“I’m selfish, impatient and a little insecure. I make mistakes, I am out of control and at times hard to handle. But if you can’t handle me at my worst, then you sure as hell don’t deserve me at my best.”—Marilyn Monroe
I’m not your project. I can never be your little doll. I’m not perfect, I know. I can be wild, free-spirited and hard to handle at times. But, I don’t want you to fix me. You can’t put me in a box.
Don’t you think we all deserve someone who will love us without pushing us to change?
Don’t you think we all deserve to be accepted as we are and for who we are?
I am tired of people telling me what’s best for me. No, that’s not how you help me. Not at all.
You don’t need me. You just need me to need you. You want me to depend on your good decisions I should follow. But look, I’m better than that—even at my worst.

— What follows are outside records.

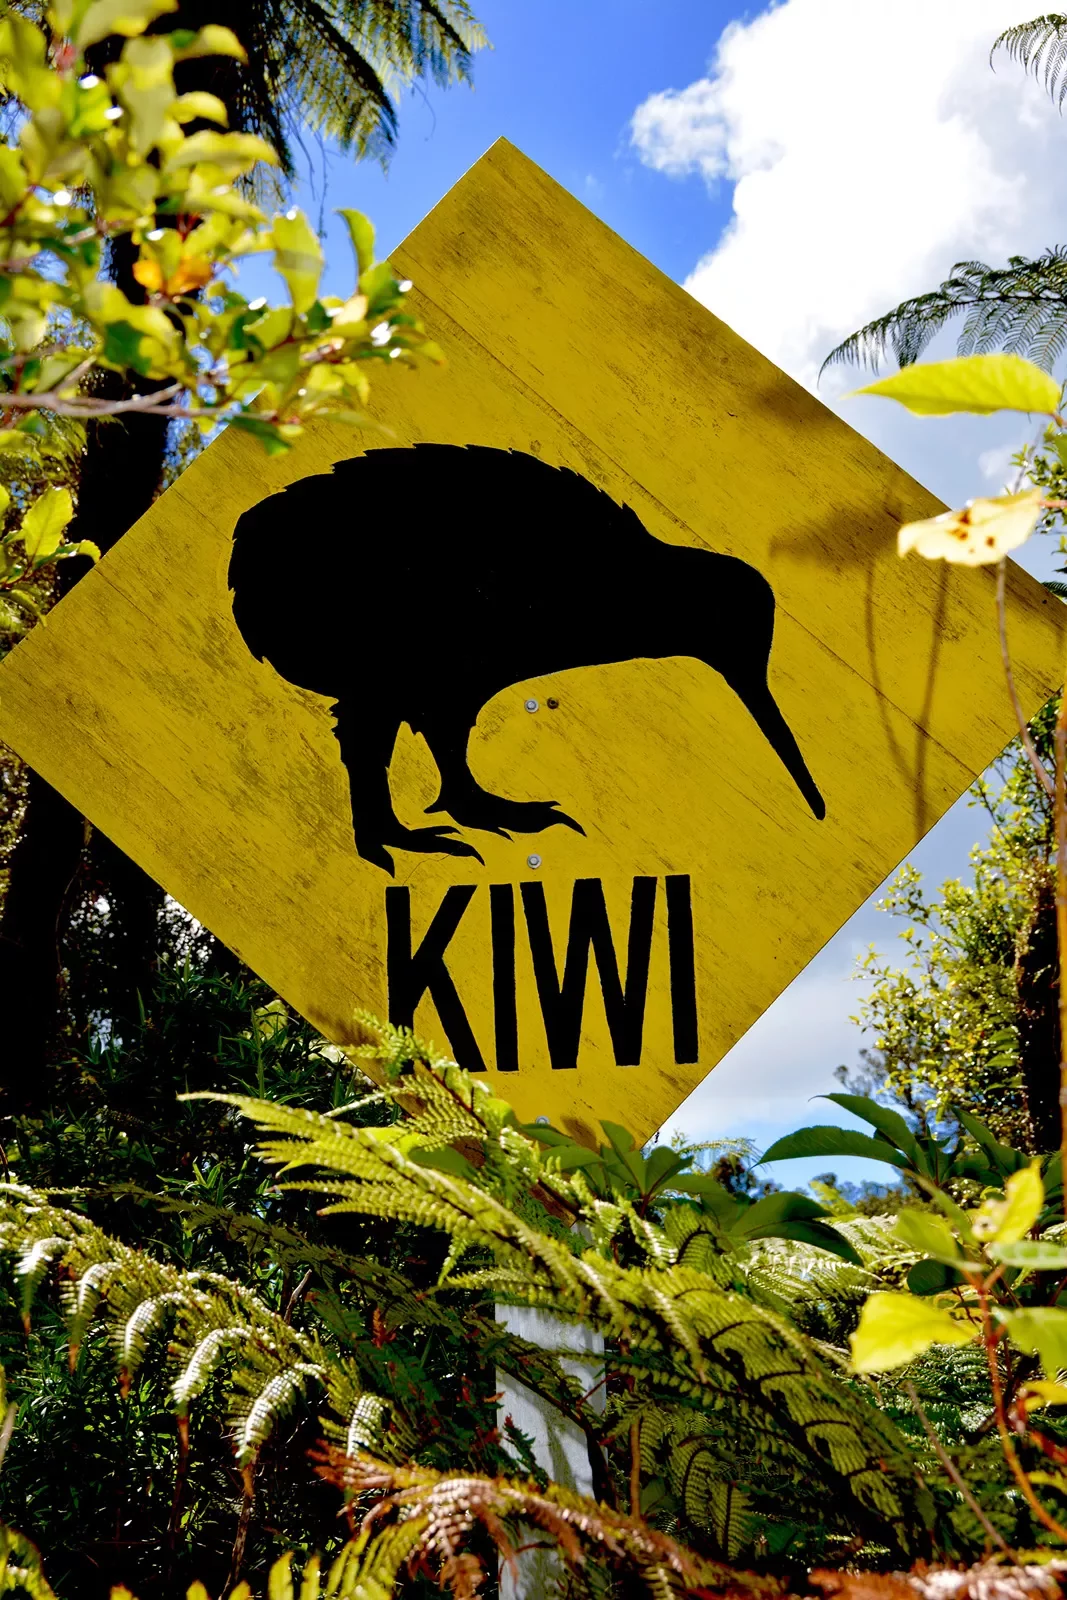 Yellow sign for a kiwi bird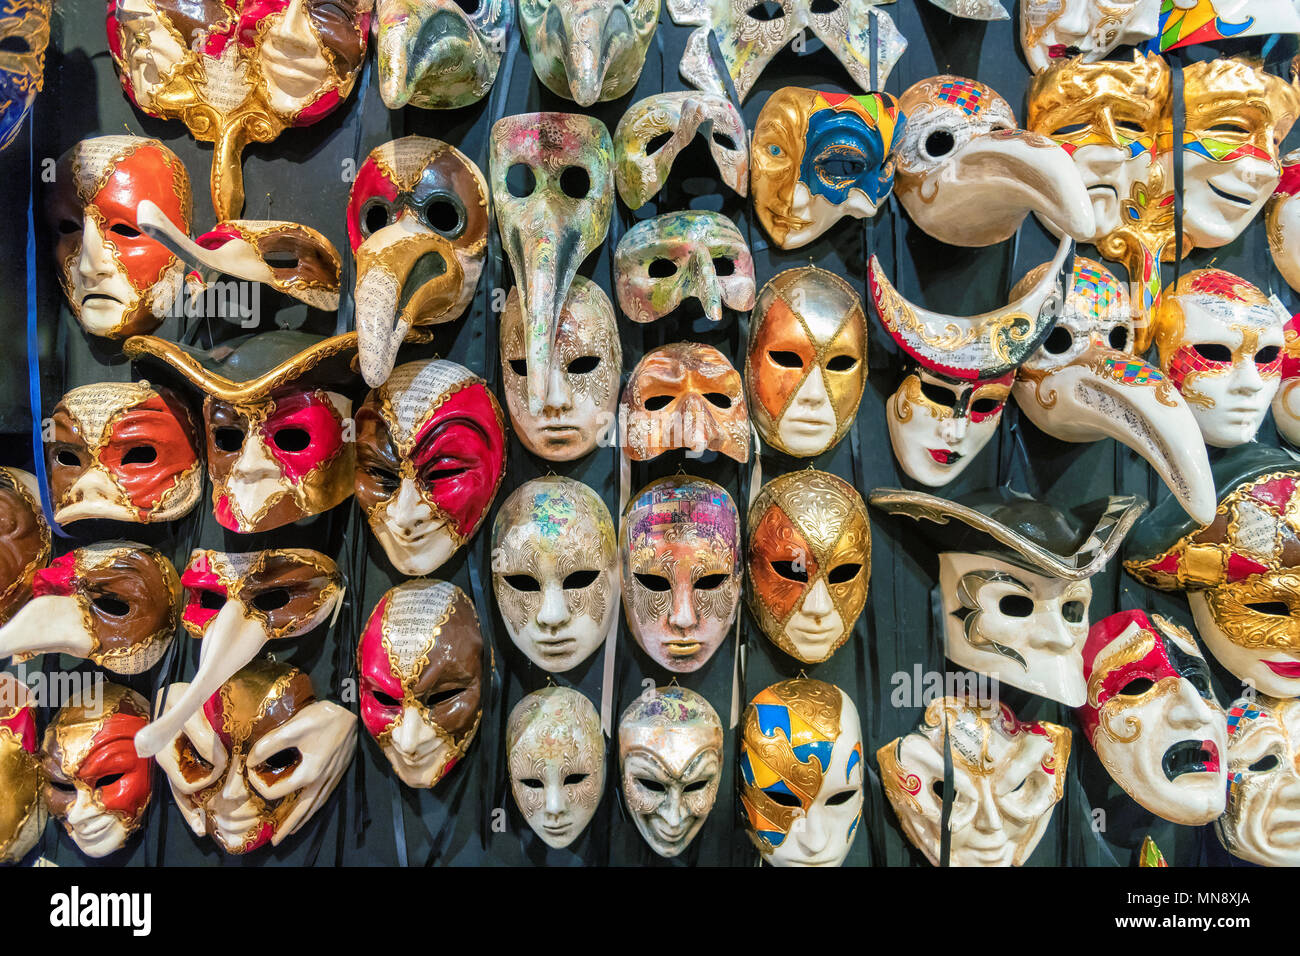 Máscara veneciana de Pared en blanco – MaskshopVenice.com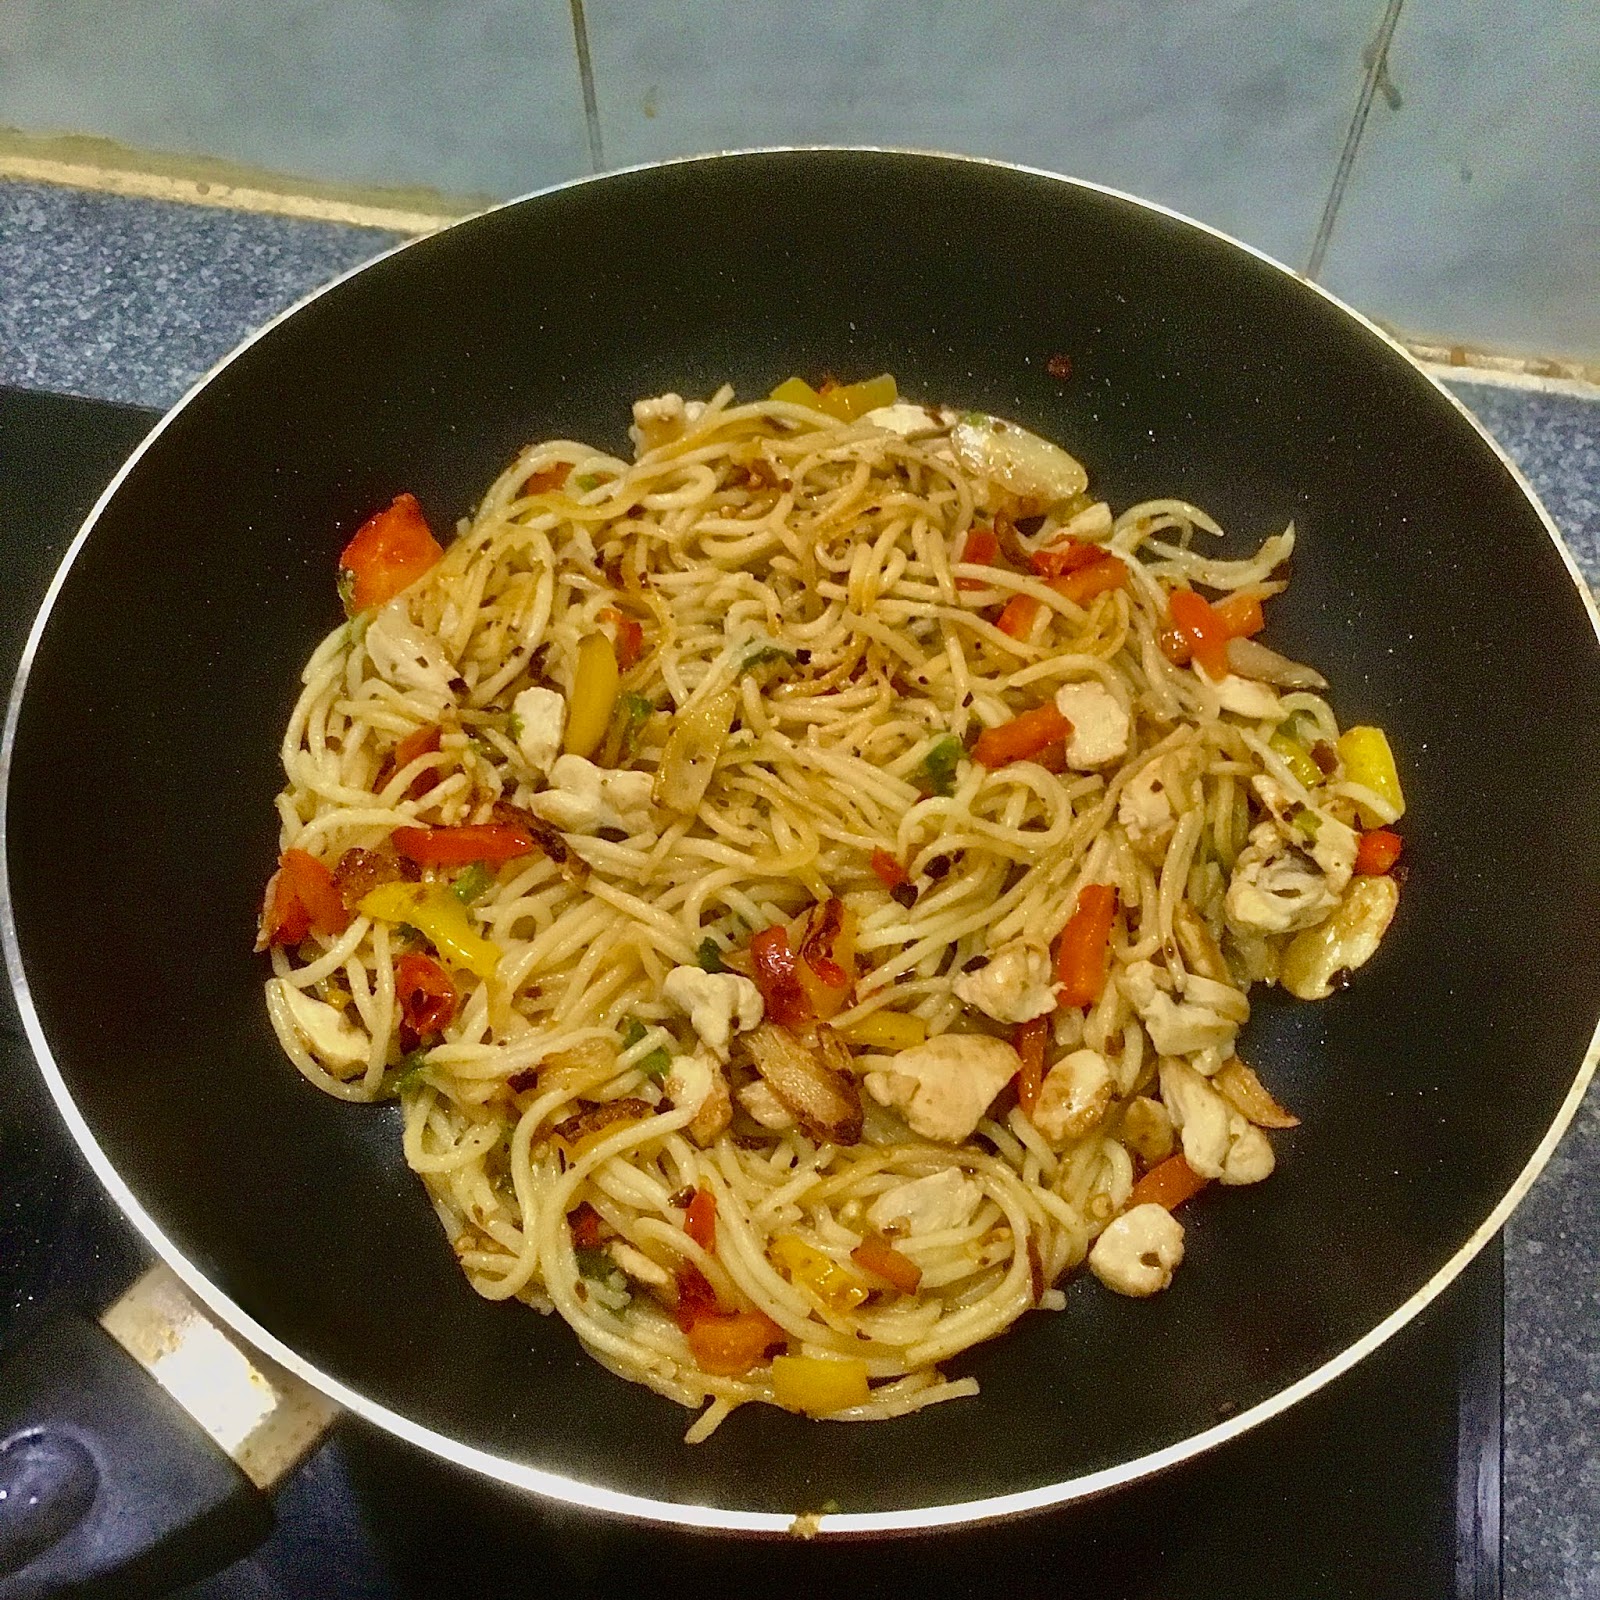 Resepi Spaghetti Aglio Olio Yang Sedap - Surasmi K

I don’t want you to fix me because I’m not broken. Yes, I’ve had bad experiences in the past. Yes, I was cheated on, betrayed, weak, hurt and heartbroken before. But, I’m not your project. I need to make myself better, because that’s the only way I can heal myself from everything bad that has ever happened to me. I need to be brave and strong. Actually, I am brave. I am courageous. And you need to stop making me feel weak.
I don’t want you to fix me because you need to fix yourself first. I don’t allow you to fix me because the ones who wanted to do that were most often the ones who actually broke me.
I don’t want you to fix me; I want you to love me. I want you to embrace me despite all the flaws I have. I want you to hug me, not to scold me. I’m already too harsh on me. I have been fighting with low self-esteem since I was a little girl. Please, don’t make it worse.
I don’t need you to judge me. I need a man who will always point out my strengths, not the guy who is always ready to preach and give me lessons about my weaknesses.
Don’t think you can turn me into a tame, good girl. I am the one who decided to go with the flow and accept her dark side as well as her bright side. I’m stubborn and too strict sometimes. But you must believe me—I’m already working on myself. I need to be my own savior.
I don’t like ultimatums. I don’t like preachers. I hope you can have me by your side just like this, and love me for who I am. Only like that we can make it work. Only as a team, as two equal people standing next to each other.
Love me or let me go, but don’t try to fix me.